PHP-Science / PageRank

:elephant: PageRank implementation in PHP with extendable features (PHP 7.4)
https://php.science/pagerank/
MIT License
7 stars 1 forks source link

How to use this package to rank Web pages ??? #1

Open chegmarco1989 opened 2 years ago

chegmarco1989 commented 2 years ago

Hi.

We want to know:

1 - How to use it in the case of ranking of web pages ??? What can we insert into the $datasource variable to successfully classify our web page ??? Should we just put the list of urls as datasource ???

2 - Is this package capable of classifying a large or large database of the order of millions or even billions of data ???

Thank you for informing us please.

DavidBelicza commented 2 years ago

Hi @chegmarco1989

The data source is a nested array of integers or a graph if you like. These integers represent the IDs of the entities that being page ranked.

Btw, pagerank is not definitely for ranking webpages. It can rank entities if the relationship between these entities is known. It is called to "Page rank" because the name of the inventor is "Larry Page".

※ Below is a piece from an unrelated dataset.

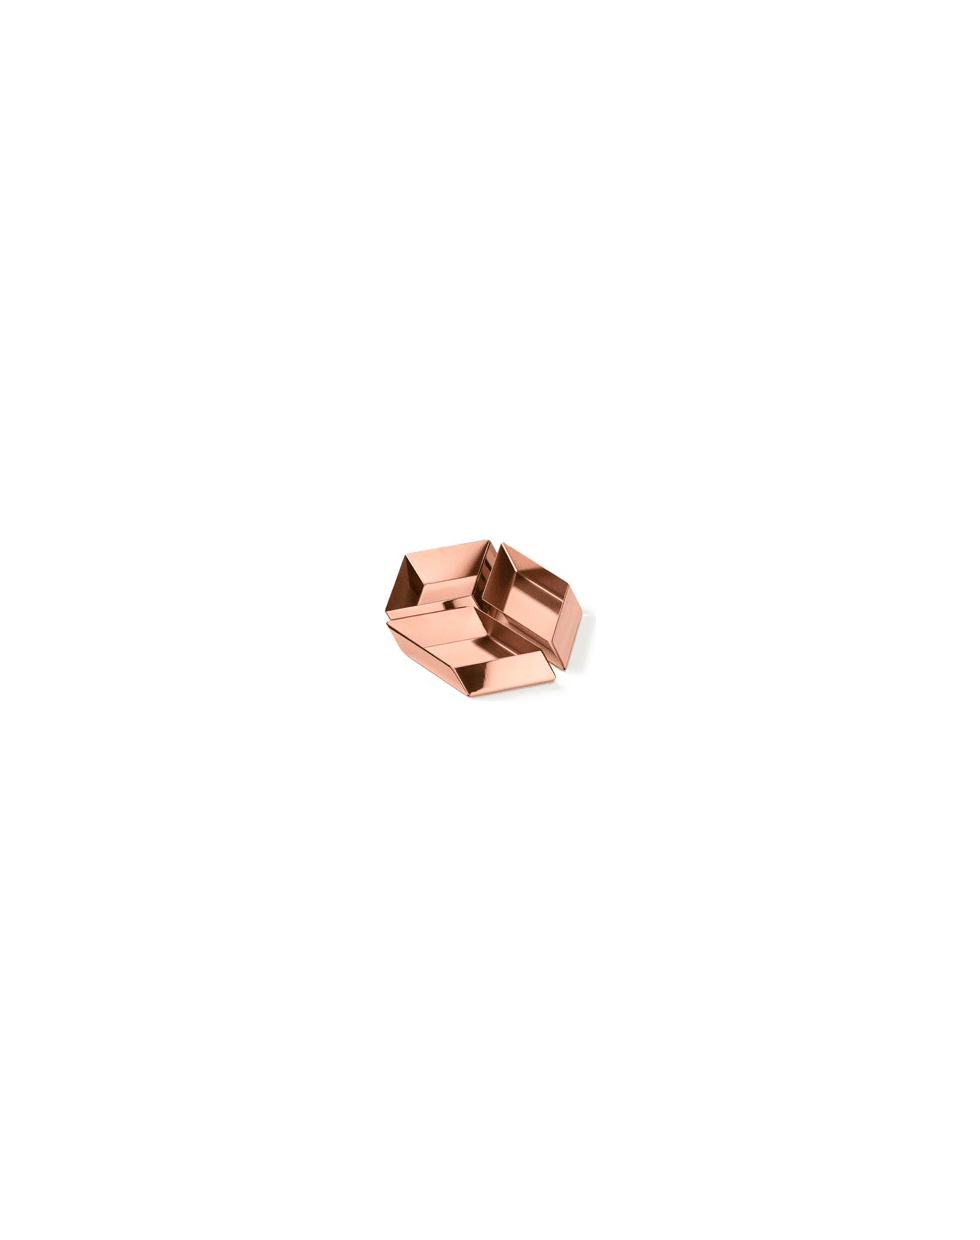 Ghidini 1961 Axonometry - Small Cube Rose Gold - Rose gold

The functional tests shows the usage: https://github.com/PHP-Science/PageRank/blob/master/tests/functional/Service/PageRankAlgorithmTest.php#L86

The array contains a list of entities with their IDs. And it also contains the incoming and outgoing connections.

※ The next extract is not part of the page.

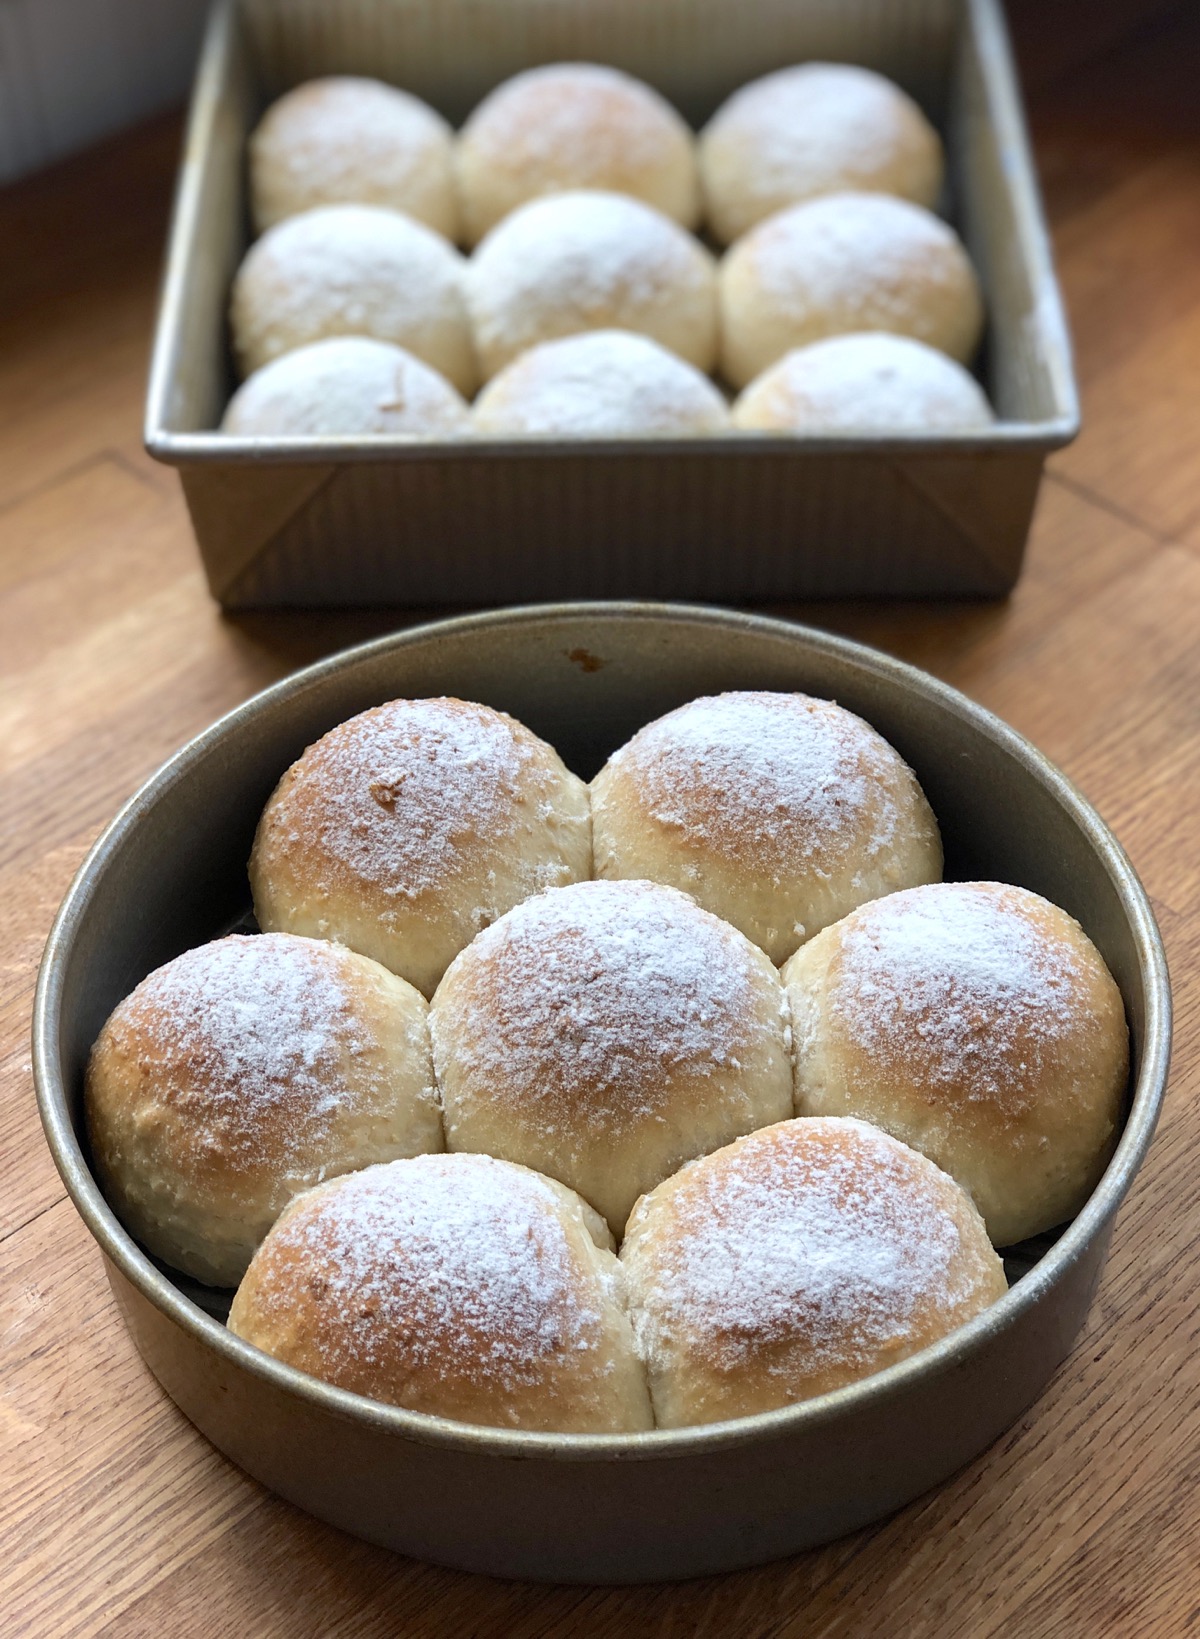 Oatmeal bread dough shaped into dinner rolls and baked

This method shows how to build up the object and where to put the data source: createPageRankAlgorithm And the method testRun shows the usage.

Too many entities or too high iteration number will consume more time to execute the algorithm. I believe, in real world, a pagerank algorithm runs in parallel in smaller topics - sometimes for weeks. (Also the optimised search algorithms weren't as efficient as the PHP builtin search algorithms.)

chegmarco1989 commented 2 years ago

Thank you very much @DavidBelicza for your answer.

But what do you mean by "Also the optimised search algorithms weren't as efficient as the PHP builtin search algorithms" ???

Can you give us some examples of native PHP algorithms that can deliver results more efficiently than "PageRank" ???

Thank you for responding to us please.